Much more value within

• FY10 office income largely secured, focus on retail leasing efforts

• AEIs and acquisitions for medium term growth

• Maintain Buy with DCF-backed TP of $1.47

Maintain Buy call with target price of $1.47. Suntec’s share price has retraced 7% from the recent peak of $1.41. At the current price, the stock offers FY10-11F yields of 7.4% and 7.1%, respectively, an attractive 470-445bps spread over the 10-year bond yield. With Suntec’s core earnings remaining robust and potential for further medium term earnings upside from AEI activities, we are maintaining our Buy call with a DCF backed target price of $1.47, offering 20% total return.

Office rents flattening, demand picking up. Office asking rents at Suntec Towers have remained steady qoq with stronger demand seen coming from the shipping, IT and oil & gas industries. Additional leasing activities since 1Q had reduced the remaining 10% expiries due this year and enabled the group to lock in c95% of office revenue this year. In addition, forward renegotiation of FY11 rental contracts had enabled the group to lower the 25% lease renewals due next year.

Retail focus on Suntec Mall. We anticipate retail revenue to remain stable in the near term. With 17.6% and 25.1% of NLA to be renewed over FY10-11, we expect management to focus on driving occupancy, improving pedestrian footfalls with the opening of the 2 new MRT stations and enhancing tenant mix to optimize returns from this property.

Acquisitions and AEI to drive earnings in the medium term. Park Mall AEI is still on the cards, although no fixed time frame has been indicated. The building is well located and can be repositioned to tap the growing pool of young patrons in that area. We believe catalyst to spur this exercise could come in the form of the enhancement of The Atrium scheduled to start towards end of next year. With the normalization in cost of capital, the group is relooking at potential new acquisitions for growth. However, with firming sellers’ expectations owing to the improved sentiment, we believe any acquisition remains relatively opportunistic at this point.

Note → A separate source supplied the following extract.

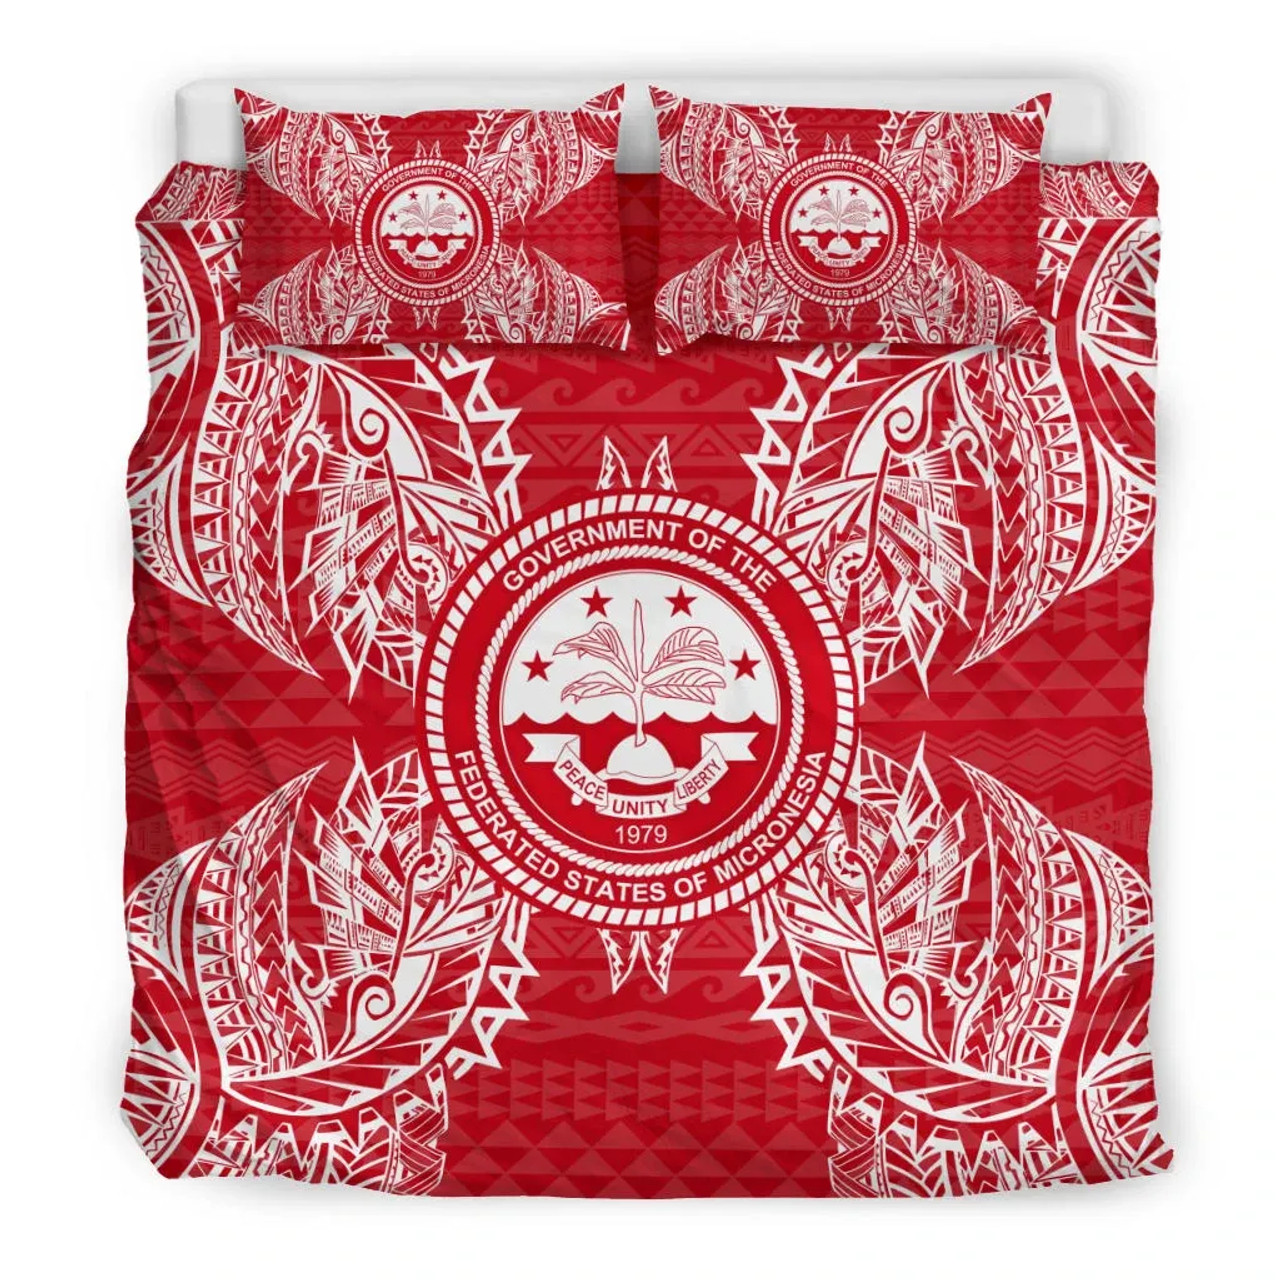 Polynesian Bedding Set - Federated States Of Micronesian Duvet Cover Set Map Red White 3
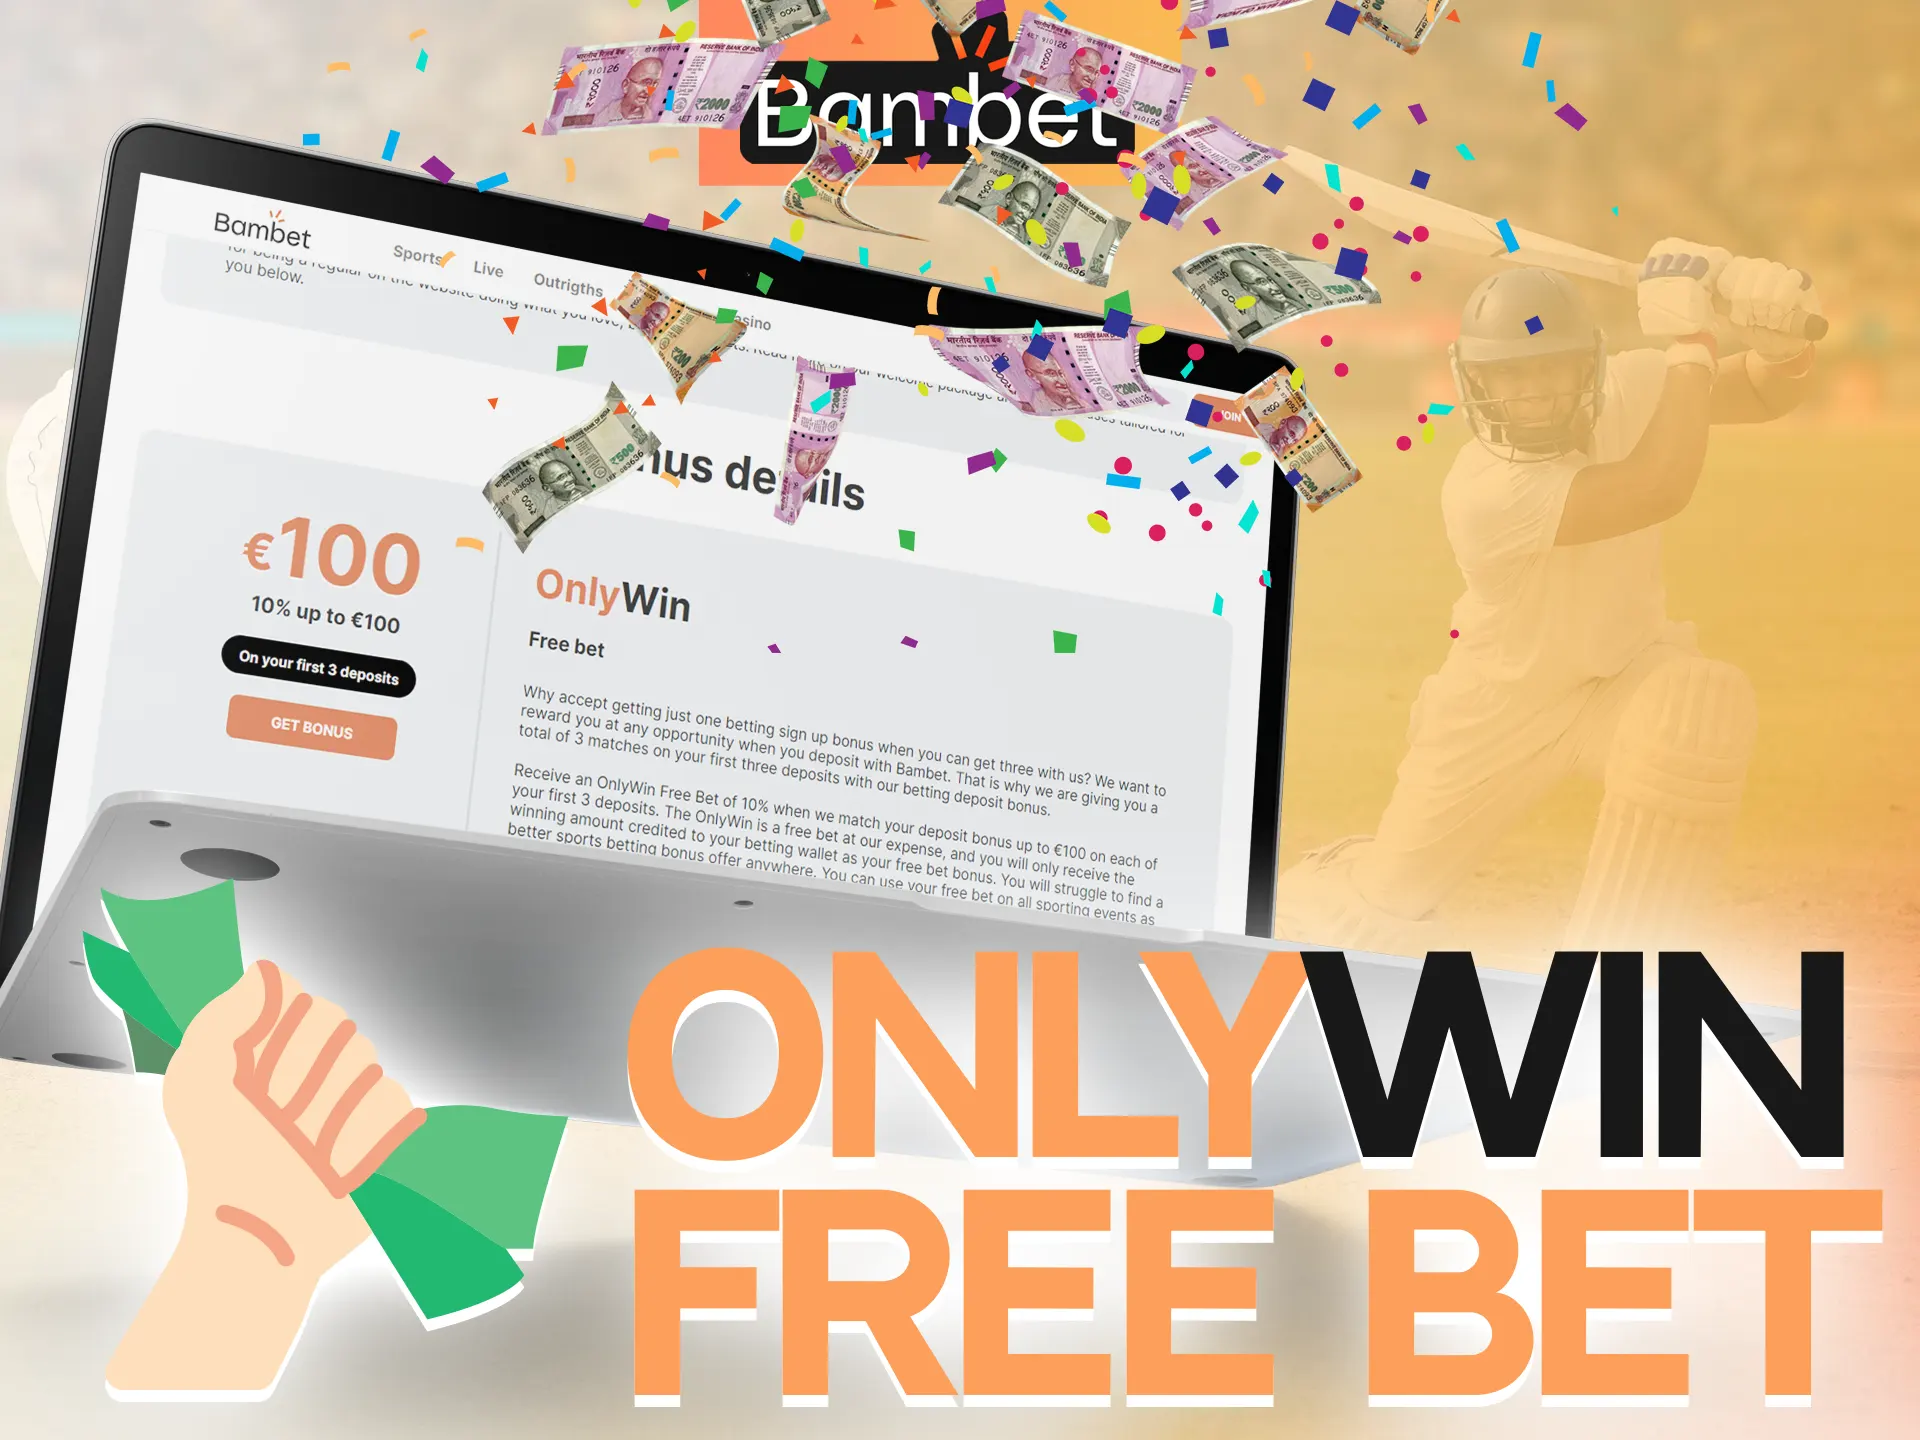 Use the OnlyWin bonus from Bambet.

Office leasing activities picking up pace

Office rents appear to have stabilized. Asking rents at Suntec office remained steady qoq while demand picked up from Q1. While the bulk of demand is still from renewals, Suntec is seeing take up from expansion as well as new demand from tenants in the shipping, IT and oil & gas industries. As a result, occupancy had inched ahead of the 95.5% seen in 1Q. In addition, a proportion of the remaining 10% of NLA due to be renewed this year, as at 1Q10, had also been recontracted, thus enabling Suntec to lock in c95% of their office revenue for this year. Furthermore, forward renegotiation of rental contracts due in 2011 are also taking place and we expect this to reduce renewals due in 2011, which stood at 25% of NLA as at 1Q10. According to media reports, IDA has already expressed their intention to give up their premises at Suntec Office when their lease expires next year. Thus Suntec will have significant leadtime to re-let the space. More importantly, any take up will result in a positive rental reversion, based on current asking levels.

Focus on Suntec Mall retail leasing

The focus of retail leasing would remain on Suntec Mall as this source of income accounts for close to 43% of 1Q10 total revenue. 1Q occupancy had dipped slightly on frictional vacancy while rental rates averaged $10.89psf/mth. So far, the opening of the two new MRT stations had generated a slight uptick in pedestrian flow. However, improvement in retail sales remained modest. As such, we expect the group to focus its efforts on increasing occupancy, improving shopper footfalls, raising tenant retail sales as well as continue on its strategy to enhance tenant mix. Hence, we expect rental rents to remain relatively stable in the near term.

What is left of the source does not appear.